Sales could reasonably be expected to exceed 100,000 copies, generating
more than $1 million for the fund, said a publicist for her company,
Quinlan Road.
The singer also announced the gift of a $30,000 underwater
video-equipped robot to the Canadian Coast Guard for search and recovery.
The robot complements special sonar gear donated through the fund last
fall, helping Ontario authorities locate a body underwater "and help bring
closure to families," Ms. McKennitt said.
She also gave what few details she could of the boating mishap that look
the lives of her fiance, Ronald Rees, 28, whom she said she was to marry
last fall, his brother Richard, 25, and boating companion Gregory Cook, 17.
All lived in Stratford, Ont., where Ms. McKennitt has also made her home
since the early 1980s, after growing up in the Prairie town of Morden, Man.
The events began last July, as Ms. McKennitt prepared to enter musician
Peter Gabriel's RealWorld studios in England to mix her first live album
from the concert tapes.
Her popularity was at an all-time high.
Her seventh album, The Book of Secrets, had sold three million copies
worldwide and her song The Mummers' Dance had scored a radio hit across
Europe, North America and Australia.
"We were to have started mixing on the Sunday (July 19) and I went down
to RealWorld on Saturday afternoon," Ms. McKennitt recalled."Ron and I had
a habit of speaking every day at a particular time and I wasn't able to
reach him on the Saturday night before I went to bed, which was very odd
because he had a pager.
"At about three in the morning, somebody from my office called, telling
me the news."
The three men had been staying at a cottage near Meaford, Ont., at the
south end of Georgian Bay. After dinner, at about 9:00 p.m., they borrowed
a five-metre sailboat for a sunset sail.
All three were said to be strong swimmers. The boat was equipped with
four life preservers and a small motor.
At around 5:30 p.m. Saturday, Ronald Rees' lifeless body was found
wearing a life jacket. The two other bodies were never recovered.
What happened, exactly, nobody knows. Ms. McKennitt described a calm,
warm summer evening, the wind at a comfortable 11 knots.
Maybe the wind came up. Maybe a crosswind coming over the Niagara
escarpment created a squall. Maybe somebody stood up in the boat and
created a chain reaction that led it to capsize.

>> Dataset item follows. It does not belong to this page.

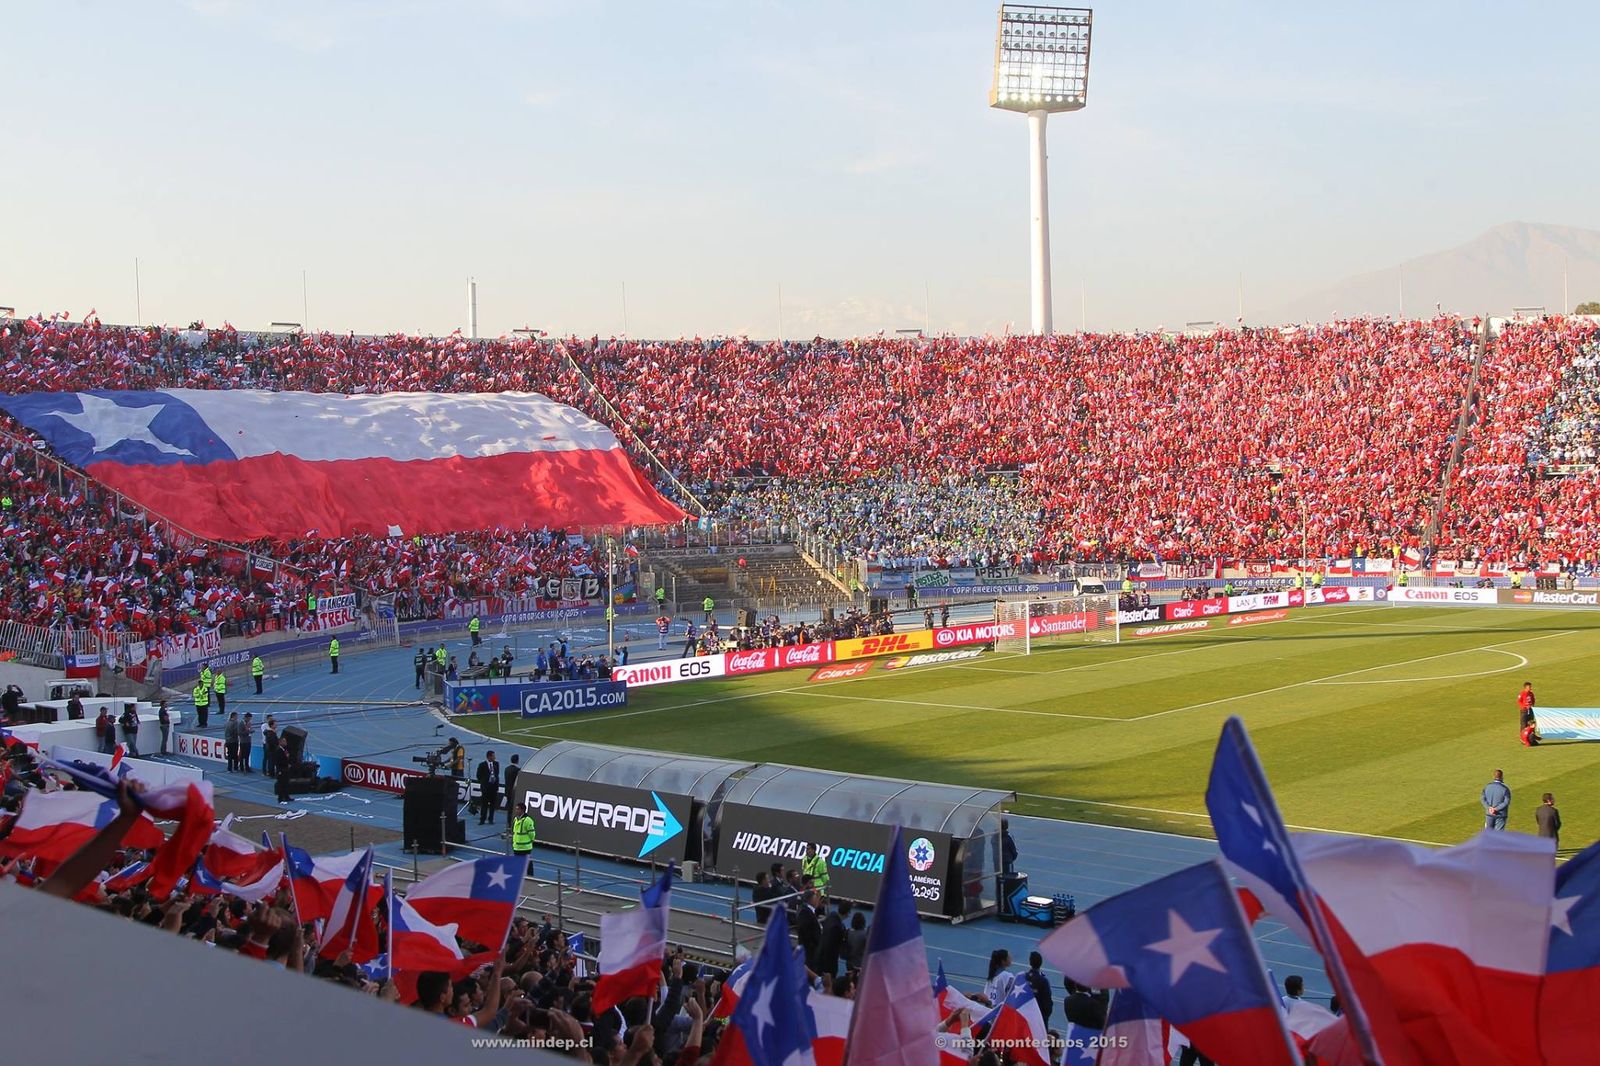 Copa América podría emigrar a Chile debido a crisis social en Colombia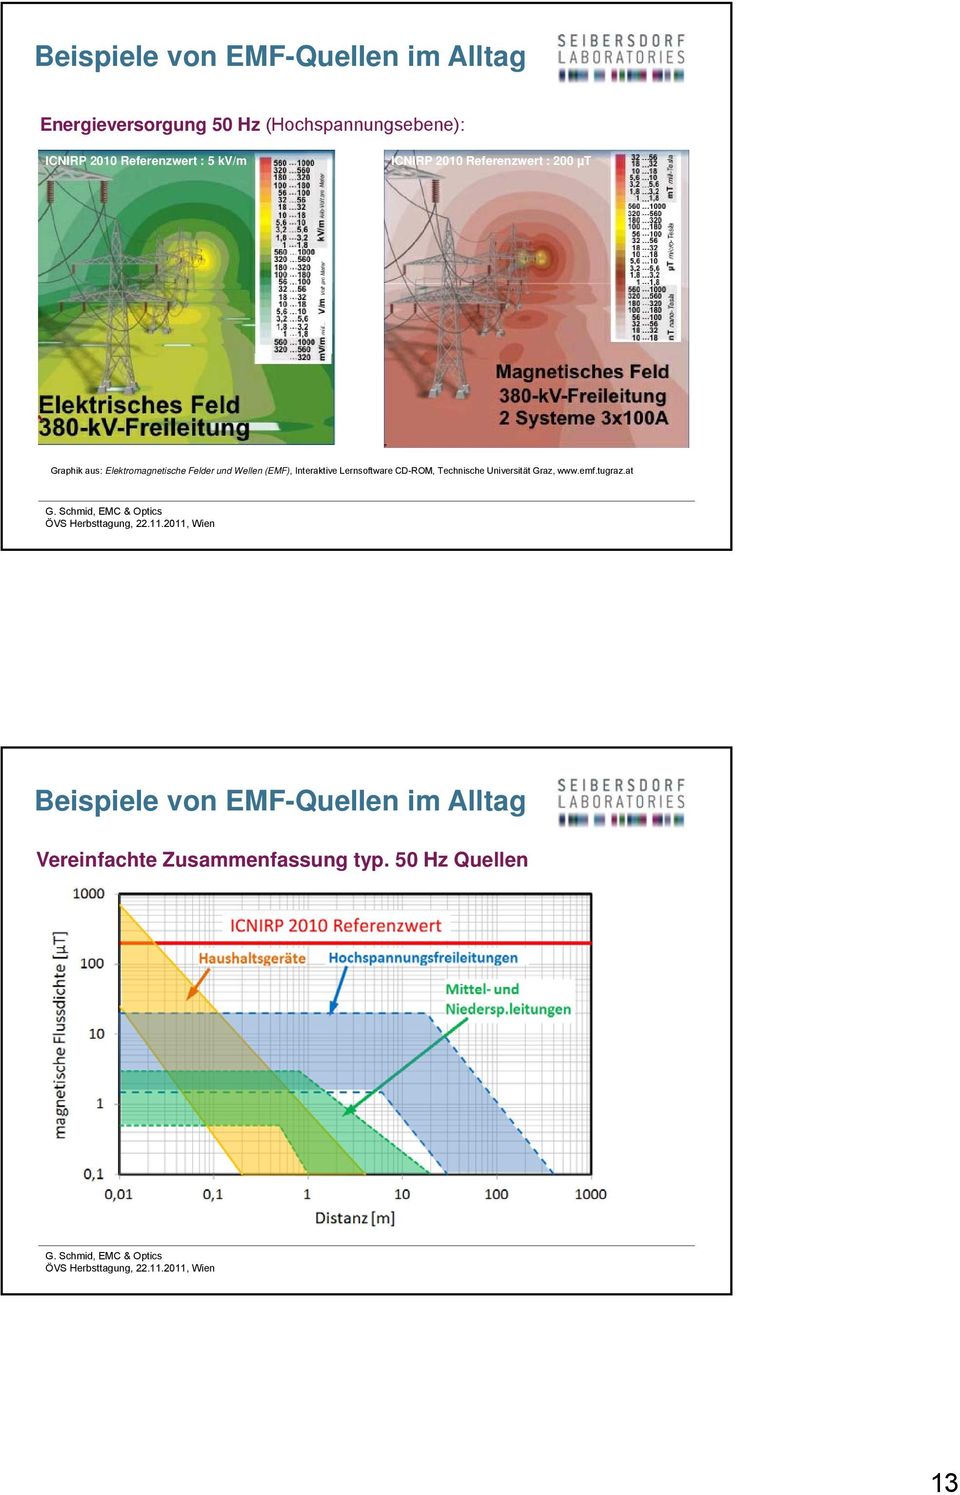 Felder und Wellen (EMF), Interaktive Lernsoftware CD-ROM, Technische Universität Graz, www.

The cause remains a mystery, Ms. McKennitt said, "but there is a need for a
greater awareness on the public's part concerning how vulnerable people
really are."
Wearing a life jacket is key, she said. Her three friends had life jackets
aboard, as the law requires, but two were not wearing them.
"And even if you do prepare yourself to the hilt, that might still not be
enough to save you," the singer said.
"There were six or seven people who knew they were out all night and
never placed a call to the Coast Guard (or police).
"I think this is a hurdle. I think all of us have an inclination not to believe
the worst has happened. We don't want to trouble the authorities. We
might be embarrassed.
"But it's quite possible if a call had gone in at 11 at night they might have
found Ron alive."
New federal water-safety regulations being phased in over the next
several years, beginning last month, introduce a range of measures
designed to increase education, training, licensing and equipping of boat
operators -- the first major overhaul of regulations in 40 years.
As of April 1 this year, a child under 12 must be supervised by somebody
16 or older when operating a boat, and the boat cannot be powered by a
motor of more than 10 horsepower.
Anybody under 16 is prohibited from operating a personal watercraft.
Details of other regulations are available by calling 1-800-267-6687 or
accessing the Coast Guard Web site at www.ccg-gcc.gc.ca.